Researchers fast-track antibody development


Wednesday, 10 February, 2021



Researchers fast-track antibody development

Researchers at the Fraunhofer Institute for Toxicology and Experimental Medicine ITEM have developed a production method that fast-tracks the passage of biopharmaceuticals from the lab to clinical trials — from as long as two years to just six months.

The COVID-19 pandemic has underlined just how vital it is to speed up the development and release of new drugs, yet reality paints a different picture. The development of a suitable bioprocess and the pilot production for a protein-based drug candidate can take anything between 18 months and two years. Only then can clinical development begin — and with many candidates eliminated in the first or second phase of clinical studies due to low tolerability or lack of efficacy, it is of the utmost importance to obtain these clinical results as quickly as possible.

Researchers from the Division of Pharmaceutical Biotechnology at Fraunhofer ITEM have now been able to significantly accelerate the process — from the discovery of a new mechanism of action to the preparation of a new investigational medicinal product ready for clinical trials. As explained by Professor Holger Ziehr, Director of the Division of Pharmaceutical Biotechnology, the team’s approach to bioprocess engineering was born of necessity, in response to the COVID-19 pandemic.

“Anyone looking to develop a human antibody for treating SARS-CoV-2 is very much in a race against time,” Prof Ziehr noted. “A period of 18 months to two years is simply too long. That was what led us to opt for a different production strategy, so that suitable candidates for a new active substance can progress to clinical studies much more quickly.”

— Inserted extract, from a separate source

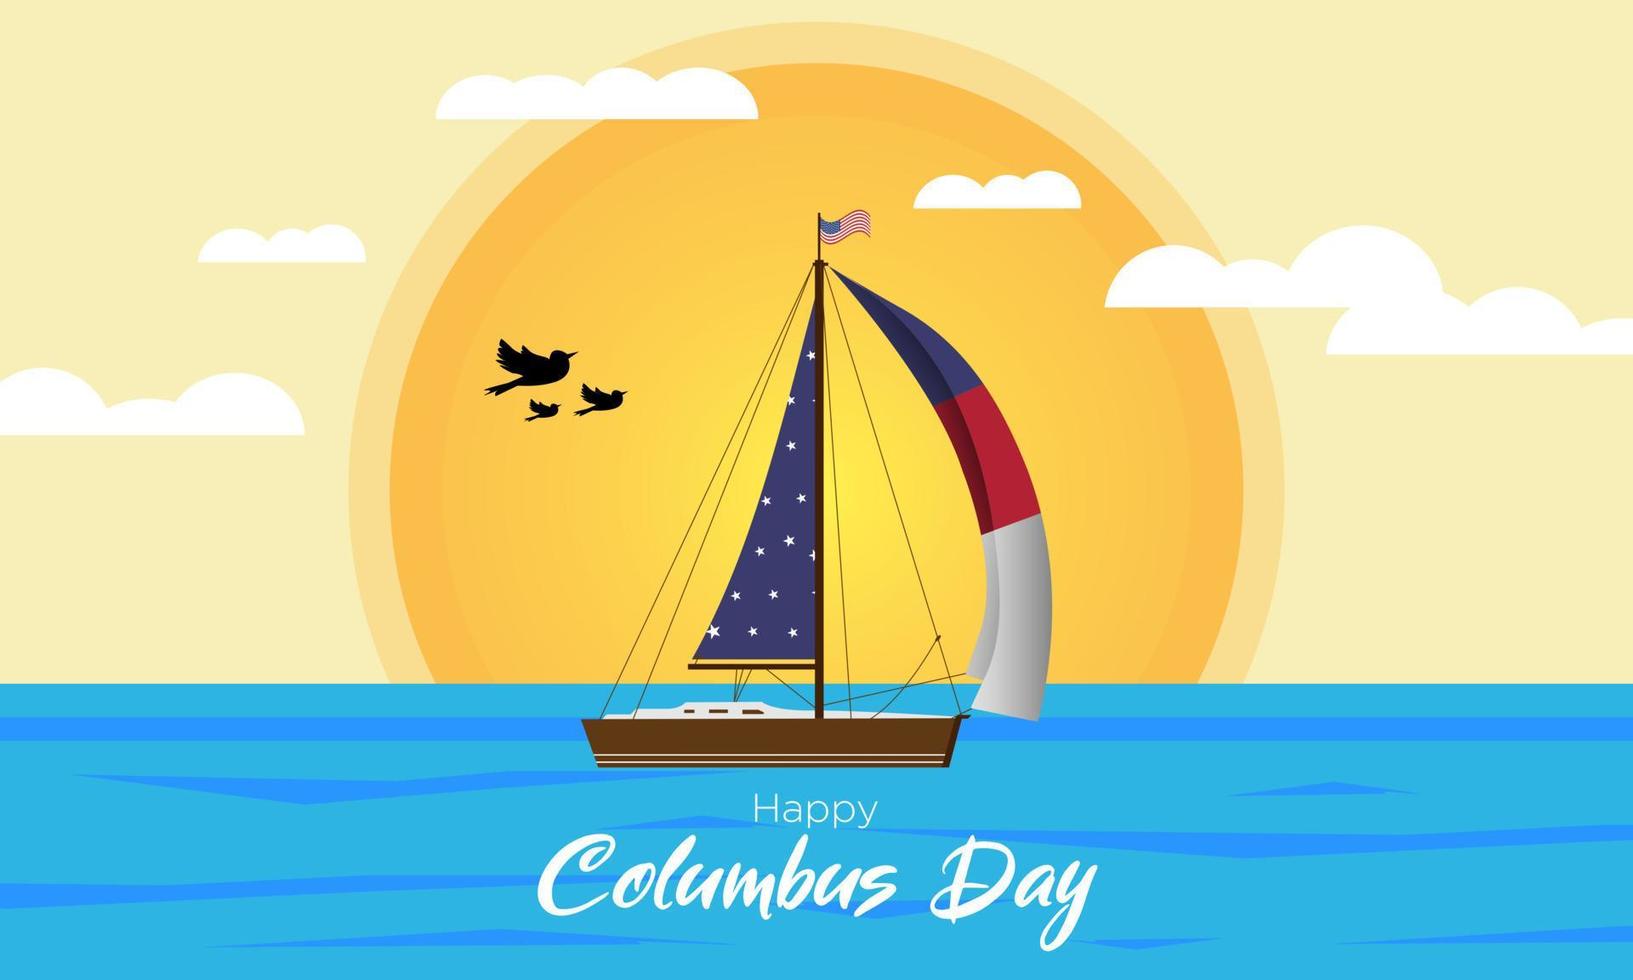 Vector background of sailing ship floating on ocean waves for a happy columbus day celebration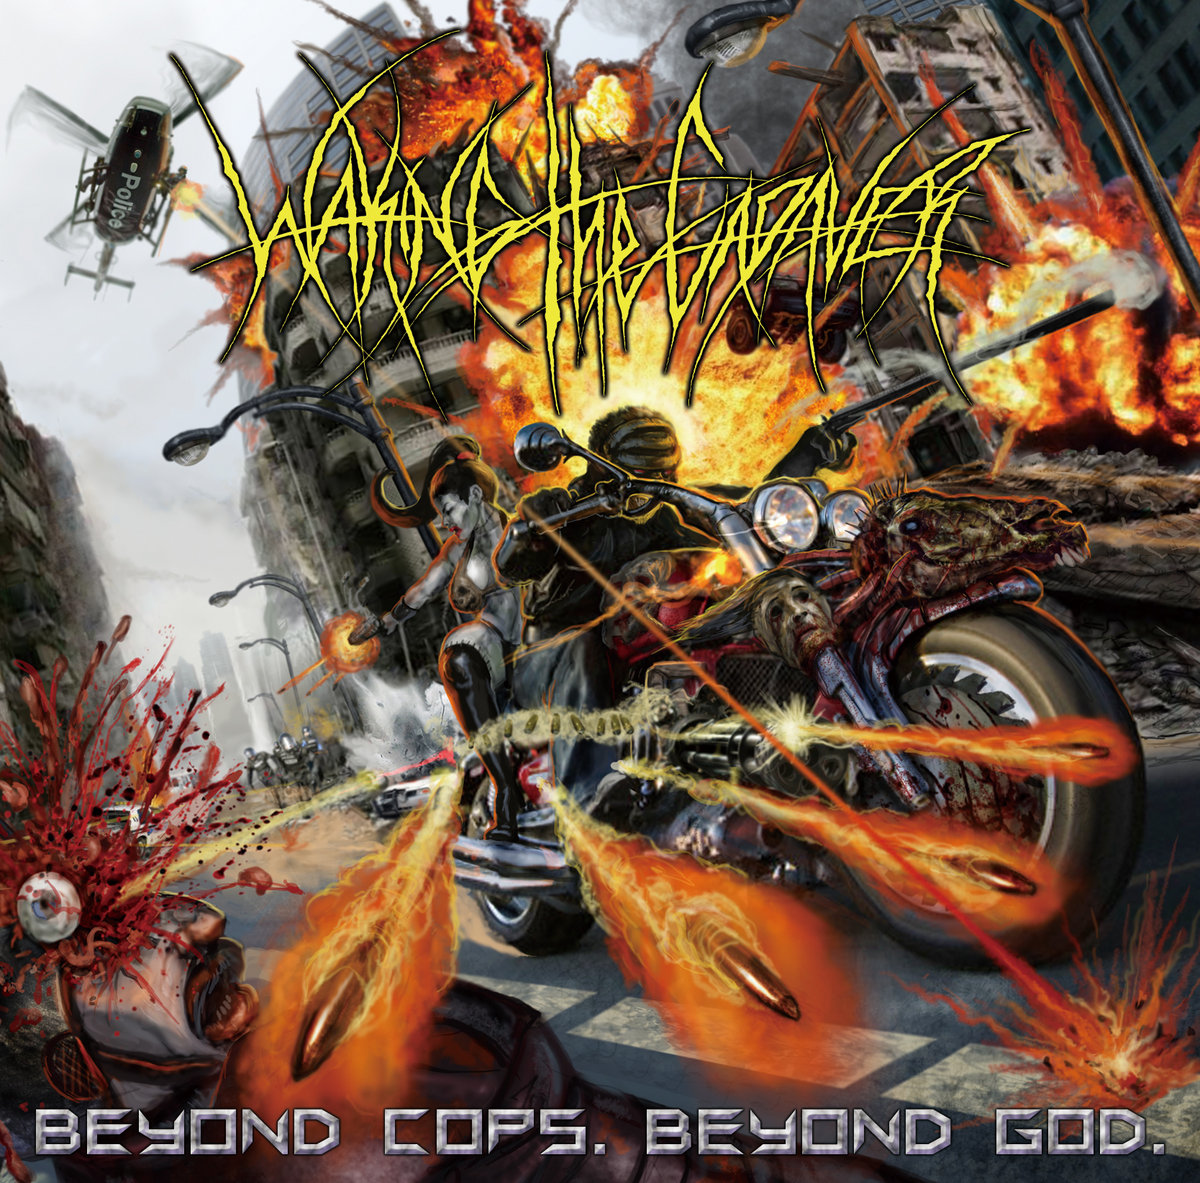 Waking the Cadaver – Beyond Cops

Development of the strategy

Like most other antibody production processes, the process developed at Fraunhofer ITEM is based on Chinese hamster ovary (CHO) cells. Around 80% of all biotechnologically produced pharmaceutical-grade proteins are produced with the help of this cell line. One of the principal reasons for this is that the sugar chains, which in the CHO cells are attached to a newly synthesised protein, are similar to those of humans.

In order to produce antibodies, the genetic material from this antibody — ie, its DNA, which contains the corresponding antibody gene — must be introduced into CHO cells. “For this, we use so-called plasmids,” Prof Ziehr said. “These are ring-shaped DNA molecules, which are introduced into the CHO cells by means of a process known as transfection.”

This process of transfection takes place in a vessel containing a few millilitres of a liquid nutrient and millions of cells. The plasmids are then added to this culture, where they penetrate the cells and then randomly integrate into the chromosome. The composition of the liquid nutrients ensures that only those cells that have incorporated the antibody gene multiply.

In the conventional approach, the tedious next step is to isolate and test individual cells until a CHO cell clone displaying optimal integration of the antibody gene within its genome is identified. This is an extremely time-consuming process, since it can take as long as 48 hours for a single cell division.

“This means that a year can easily pass before a usable clone is available,” Prof Ziehr said. “That’s far too long, especially if the aim is to develop a drug for COVID-19. We therefore opted to dispense with the lengthy process of cell isolation and work directly with the cell pool from transfection.

“This meant accepting the risk that some of the cells would have incorporated the genetic information from the antibody much more successfully than others. However, the selection conditions applied to the cell pool were such that the cells that produced the most antibodies were also the ones that grew best. Some cells produced more antibodies, others somewhat fewer, but all of them produced the same antibody.”

New business model

The risk paid off — the result is a stable cell pool that grows well and produces, as a whole, a large number of antibodies. In just six months, researchers were able to harvest a large quantity of pharmaceutical-grade monoclonal antibodies using this method and prepare 3500 doses for clinical trials. Furthermore, the process can be used for almost any kind of pharmaceutical-grade protein. It has therefore created a completely new business model in the field of pharmaceutical biotechnology for Fraunhofer ITEM.

Top image caption: Researchers at Fraunhofer ITEM following preparation of doses of a monoclonal antibody. Image ©Fraunhofer ITEM/Holger Ziehr.